What is being asked
For this exercise, return all the data word for word, with images left out.

Supplied information

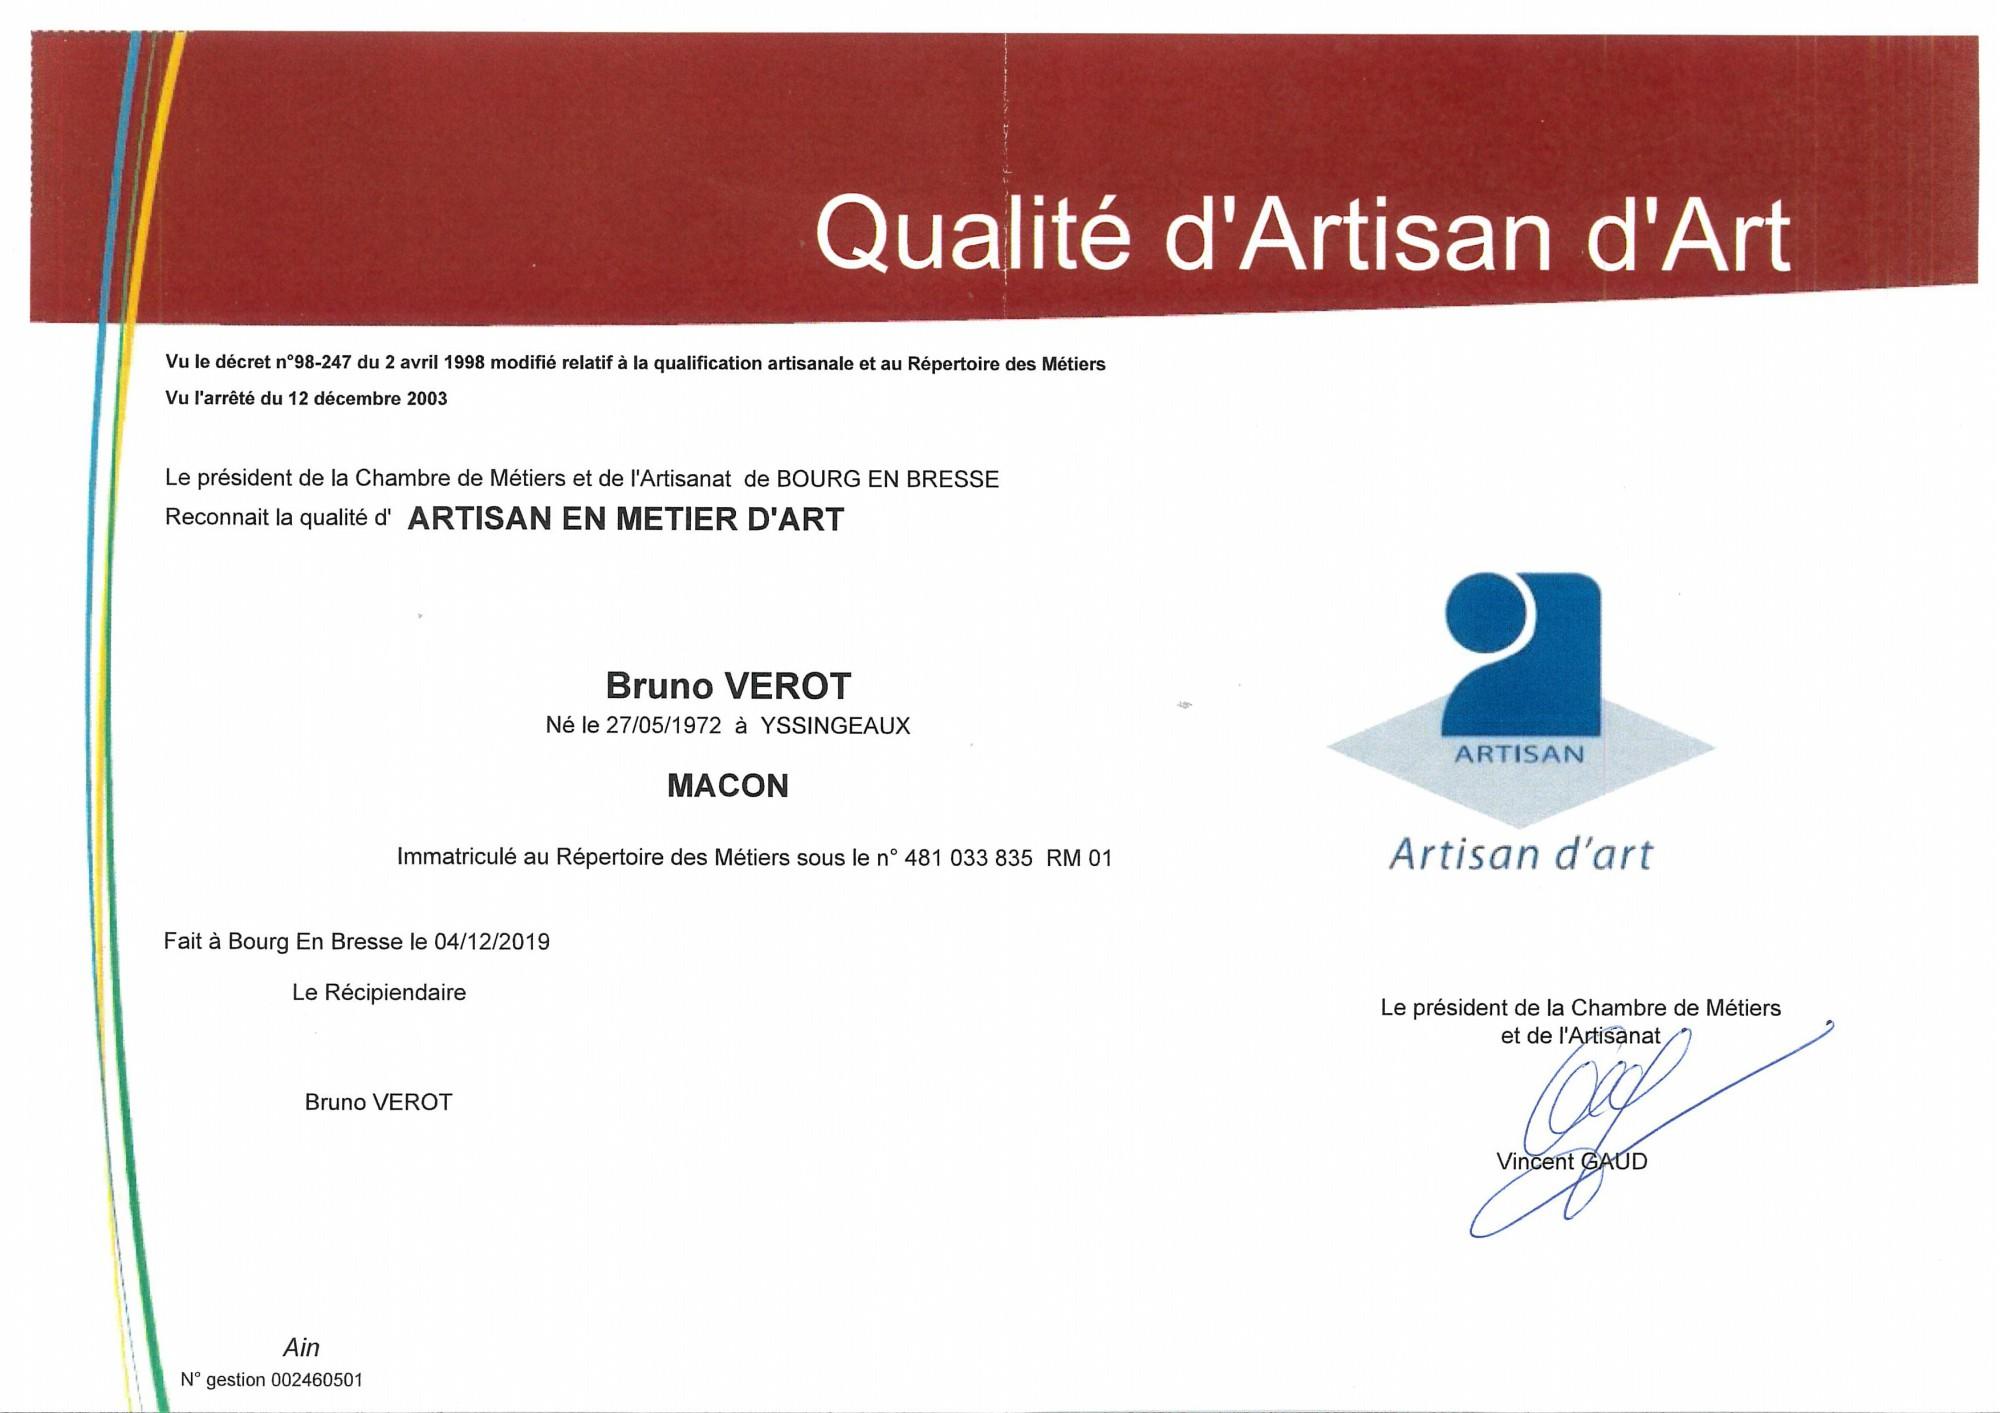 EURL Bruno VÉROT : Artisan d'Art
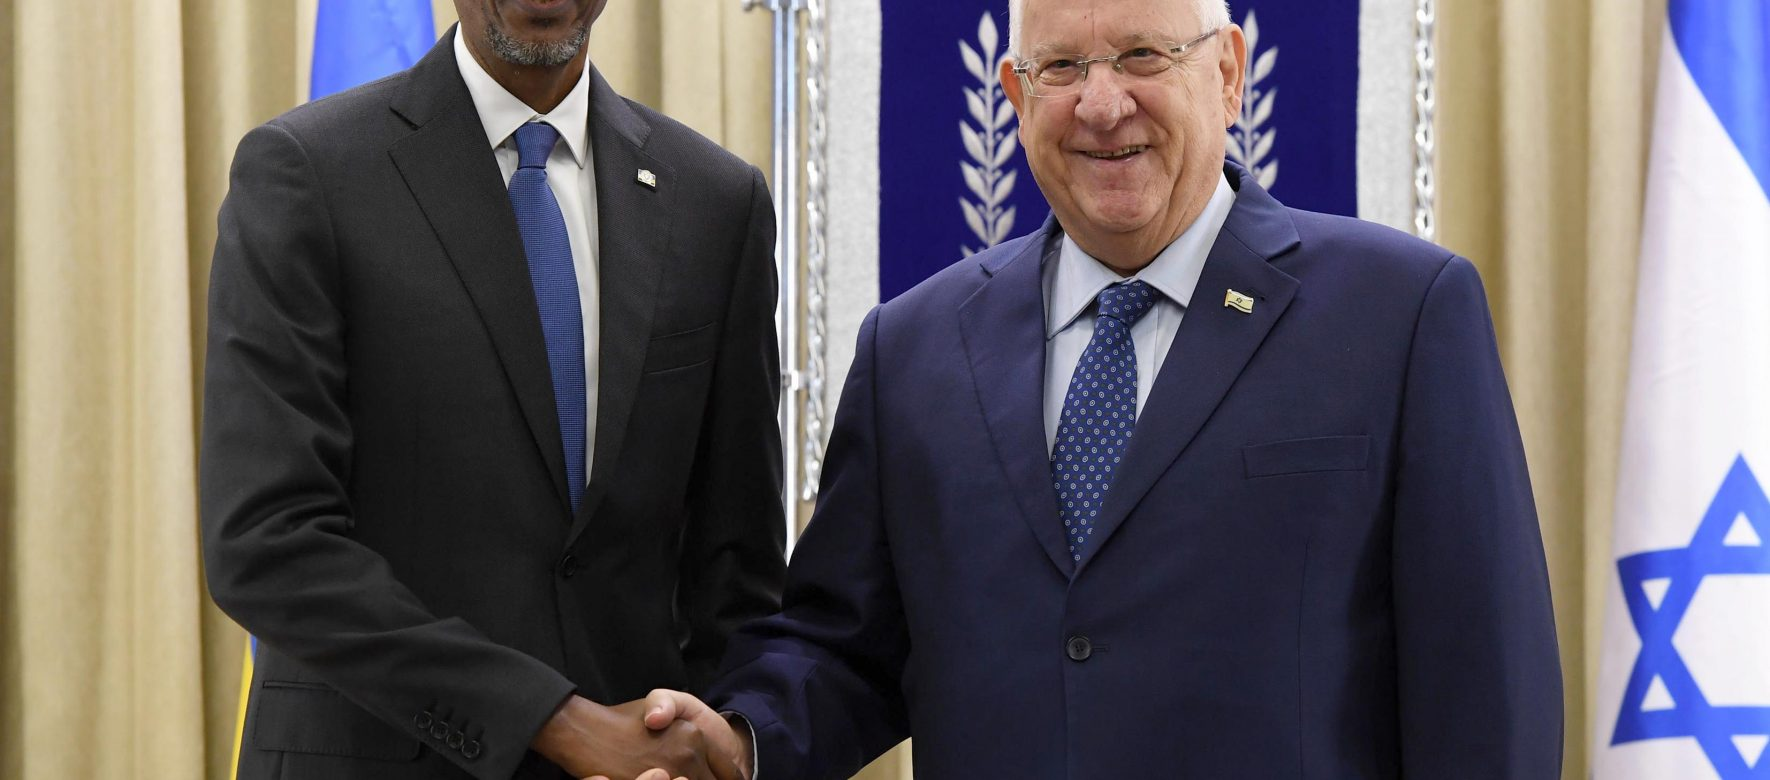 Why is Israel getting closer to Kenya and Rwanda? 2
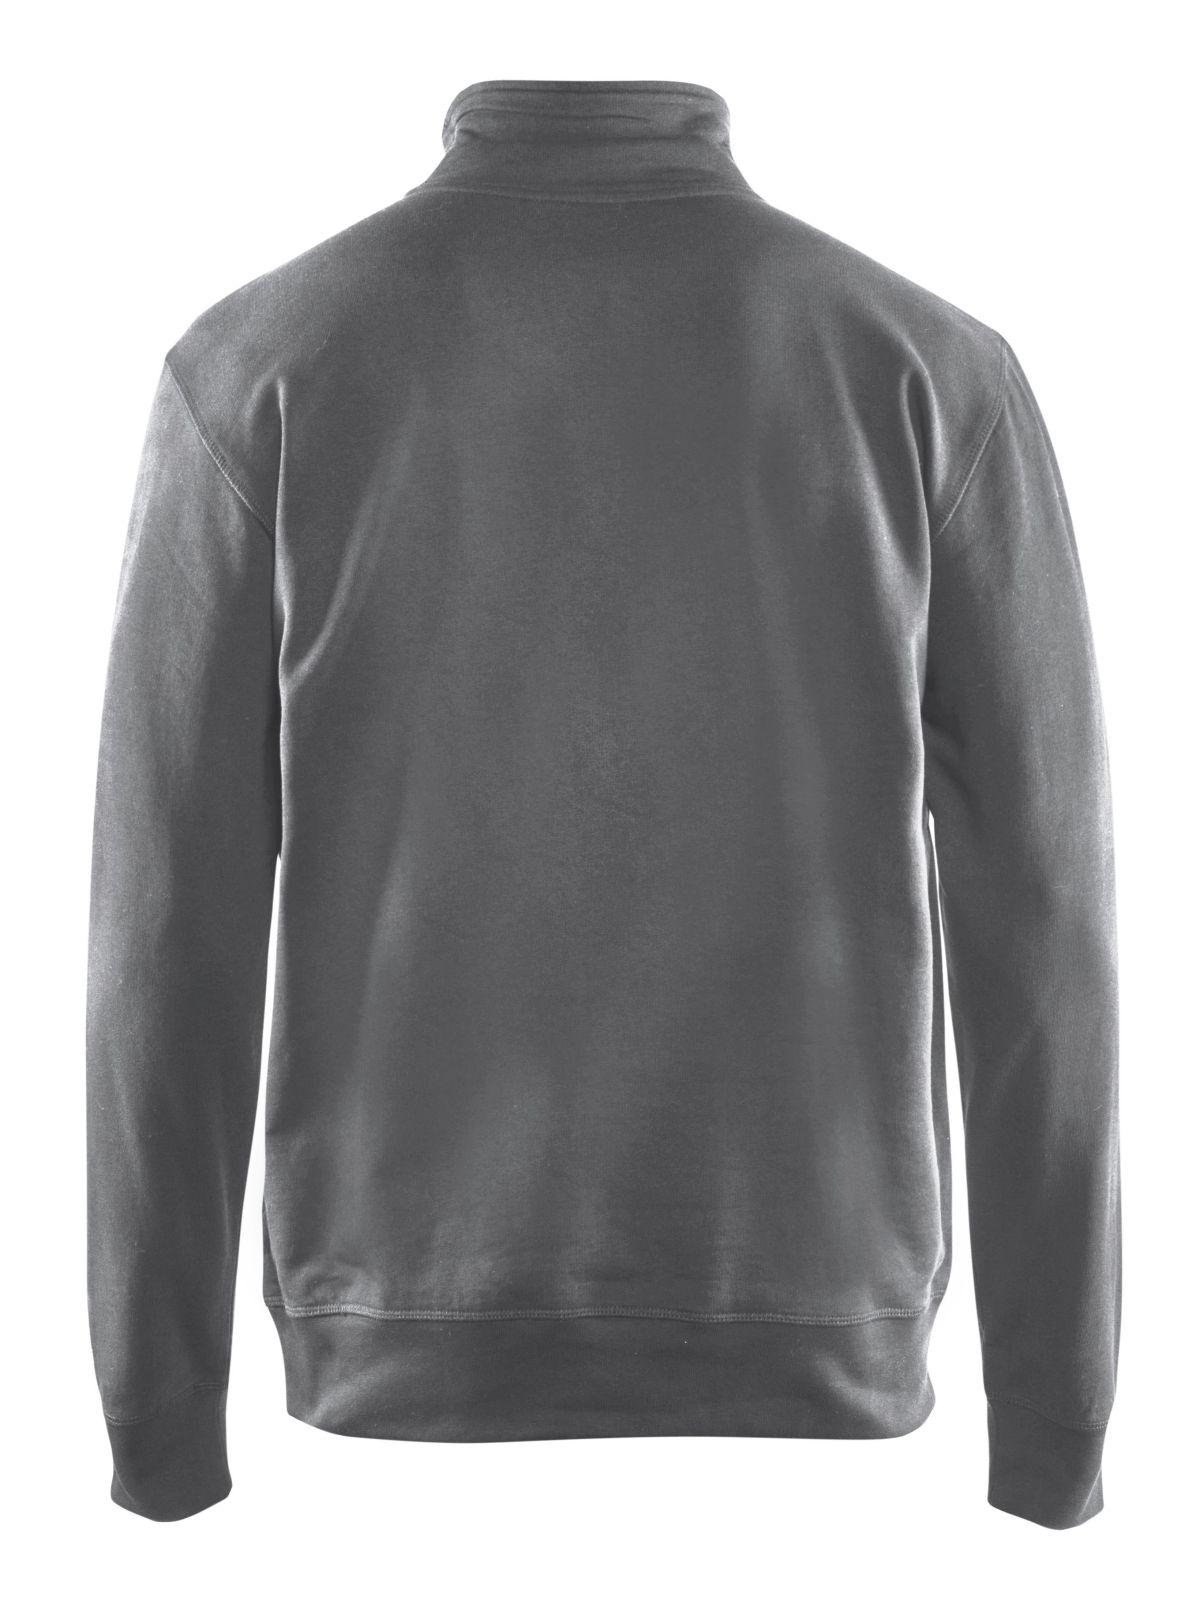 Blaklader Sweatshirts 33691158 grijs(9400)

Result of the exercise
 EURL Bruno VÉROT : Artisan d'Art
 Why is Israel getting closer to Kenya and Rwanda? 2
 Blaklader Sweatshirts 33691158 grijs(9400)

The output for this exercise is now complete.